Long-term rice rotation, tillage, and fertility effects on near-surface chemical properties in a silt-loam soil

A majority of the rice (Oryza sativa L.) produced in the United States occurs on alluvial soils in the lower Mississippi River Valley, lower coastal plains of Louisiana and Texas, and in the Sacramento River Valley of California. Rice is a staple grain of global importance, so ensuring the sustainability of rice production systems is vital to feeding the world’s population and protecting economic livelihoods. Therefore, a study was conducted at the Rice Research and Extension Center near Stuttgart, Arkansas to evaluate the long-term effects of rice-based crop rotations [with corn (Zea mays L.), soybean (Glycine max L.), and winter wheat (Triticum aestivum L.)], tillage (conventional and no-tillage), and soil fertility treatments (optimal and sub-optimal) after 11 years (1999–2010) on soil organic matter (SOM) content, soil pH, and Mehlich-3 extractable nutrient contents in the top 10 cm of a Dewitt silt loam (fine, smectitic, thermic, Typic Albaqualf).
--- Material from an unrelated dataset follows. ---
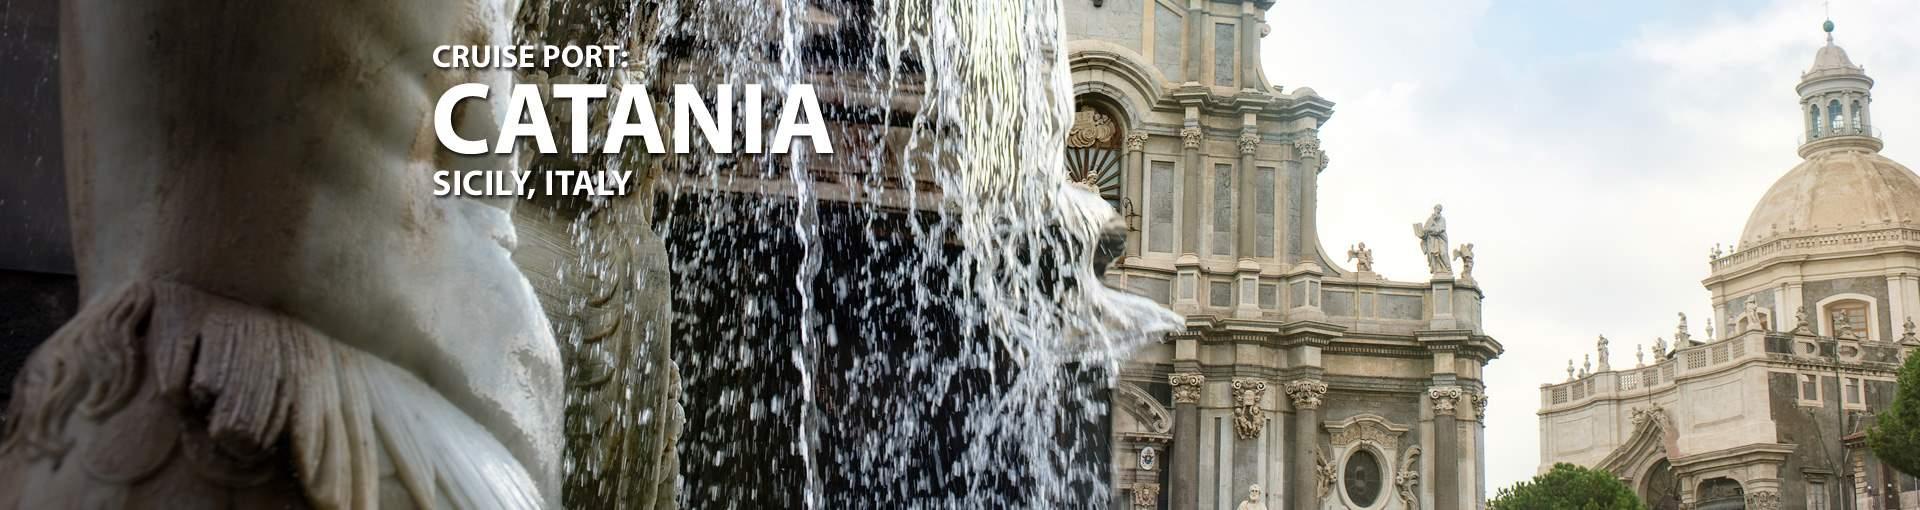 Cruises to Catania, Sicily, Italy

Results revealed increases in SOM (9–14 %) and extractable Mn (68–220 %), Fe (82 %), and Na (37–76 %) contents in most tillage–fertility–rotation treatments over time. Soil P (fourfold to eightfold) and K (twofold to threefold) contents increased in rotations with wheat and soil pH (9 %) increased under sub-optimal fertility. In contrast, extractable Ca (22 %), S (30 %), and Cu (27 %) contents decreased over time in all treatment combinations and Zn (twofold) contents decreased under continuous rice. Understanding the decadal effects field management practices have on soil chemical properties will provide insight into the longer-term economic and environmental sustainability of rice-based cropping systems.